The Dexi.io web scraping service has remade its functionality by adding [paid plan] addons. Through addons, more features are made available to customers, e.g. more step types/pipe actions. Those features also allow the integration of scrape results to data stores and endpoints like PostgreSQL, MySQL, Amazon S3 and other.
The addon functions are for unlocking the corresponding functionality for robot (Pipe, Extractor) actions. However, you need a professional plan (all plans) to use most of the addons. Major addon categories are the following:
- Captcha solving (integration with 3-d party solving services)
- Extractors
- Geography (communication with social networks for geo info)
- Image processing
- Integrations (AWS, Google Drive, Google Sheets, Box, (S)FTP, Webhook)
- Machine learning (Text analysis with machine learning – MonkeyLearn service integration)
- Math
- Social media
- Text analysis
We’ll try two addons and you can also contribute your experience of Dexi.io addons in the comments.
Image Manipulation addon
First you need to add an Image Manipulation addon. Note, this addon performs image manipulations only in Pipe robots.
- Create an Extractor robot to get images from aliexpress or any other source.
- Create Pipes robot and include Execute robot action (or node), linking to the previously created robot.
- From Transforms actions choose As Fields node to treat scraped images as data fields.
- Now, based on unlocked Image Manipulation functionality, you add Resize image from Images actions set; see picture below.
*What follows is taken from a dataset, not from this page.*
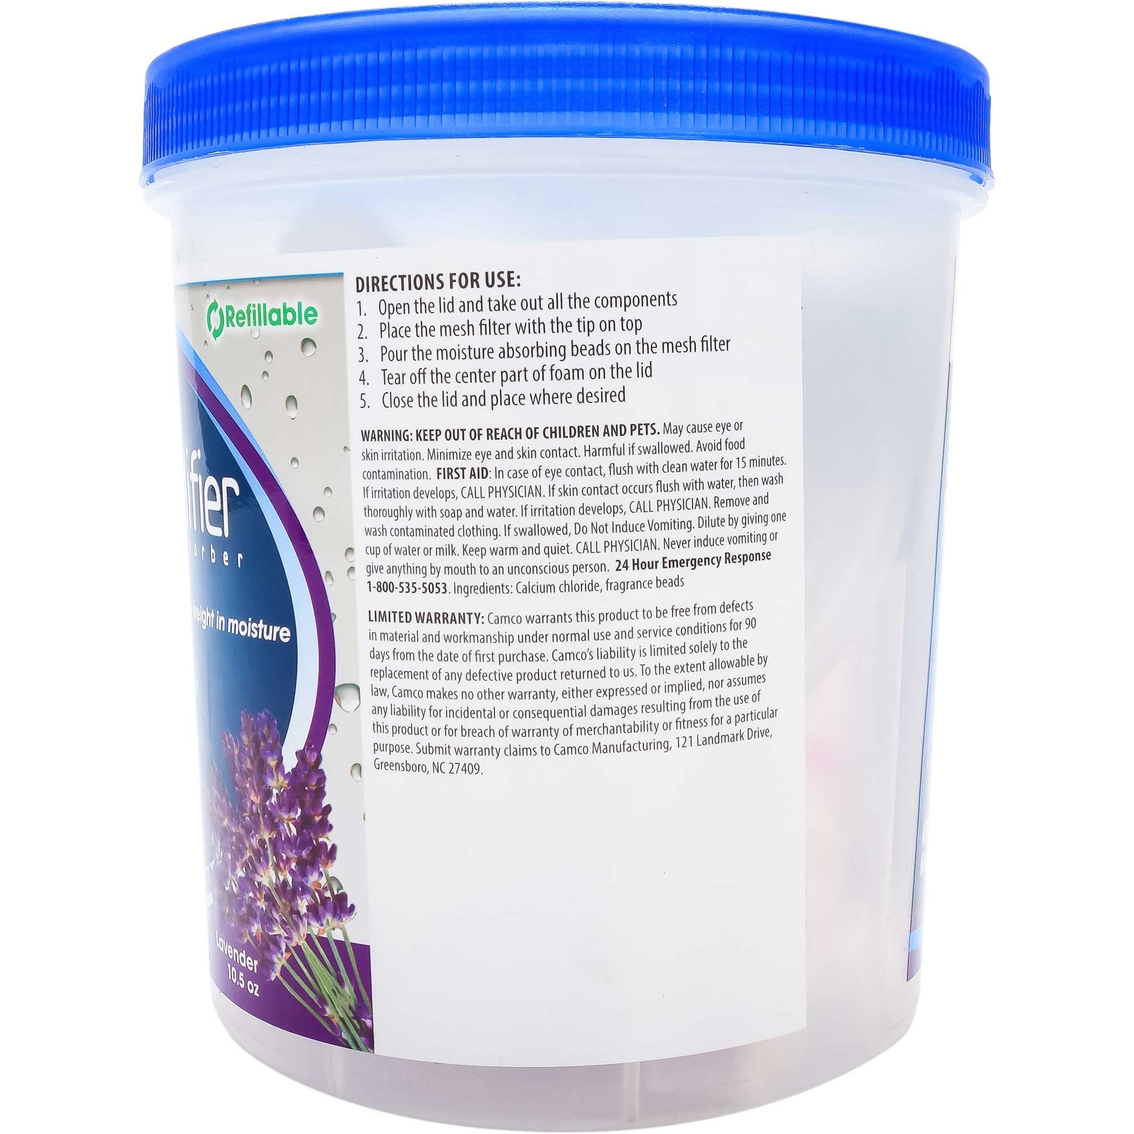 Camco Lavender Refillable Moisture Absorber - Image 2 of 5

Now you run the Pipe robot (creating configuration) and get the execution results.
Google GEO addon
Get Google Geocoding API credentials
To apply this addon you need to check with your Google cloud console and get developer’s API keys.
- Visit Google Maps Platform. The start guide will lead you thru adding billing info (free for the first 12 months of use)
- Among its APIs get enabled Geocoding API that converts between addresses and geographic coordinates.
- Get to the google developer console and create a new project (try here if failed).
- Go to the https://console.cloud.google.com/apis/dashboard
- As soon as you’ve got a project created, go to API credentials and choose your newly created project. Then copy an API key.
Now we can use that API key in an addon configuration.
Configure addon
Open the Google Maps Geocoding addon and edit it, inserting the API key that you’ve gotten from Google Maps Console (Credentials):
Ok. Now the addon functionality is available among the Pipe actions.
Create data type and load a data set
To test the addon we assemble a list of cities in Canada and save them as a Data set. But before that we need to create a Data type matching to the new Data set.
Create a new data type Cities Simple containing 3 fields: name, latitude, longitude.
Now I created a new data set named Canada cities and loaded data from CSV file into it.
After the import, the data set looks like this:
Pipe robot to process Geo info
Now it’s time to make a new Pipe robot.
Open a new Pipe robot and add new Pipe actions into it.
- From Dexi.io actions category choose and add an action: For each row in data set. Configure it adding the Canada cities data set.
- Add As Fields action. Thus each row from data set will be treated as corresponding fields.
- From Geography actions choose Address lookup.
Configure it with your existing Google Maps Geocoding addon.
and connect only the name field (from As Fields node) to that Address lookup node input called address. - Now let’s get Address lookup rows into fields. Add another As Fields node.
See the full Pipe diagram.
If we need only the city name and latitude and longitude, then we can add a data type node at the end to restrict the output result to only that type of fields.
Save it, close and create a New run. The Dexi will offer to make a new configuration. Name it, and start execution.
The results are excellent (below we showed all non-empty Addon lookup columns/fields).
Conclusion
The Dexi web scraping tool is an excellent mix of data extraction robots (Extractor, Crawler) along with data post-processing (images processing, geo info, cloud integrations, etc.) and social media retrievals. This is possible thru addon-added features. It works well for both medium-size and enterprise level extractions.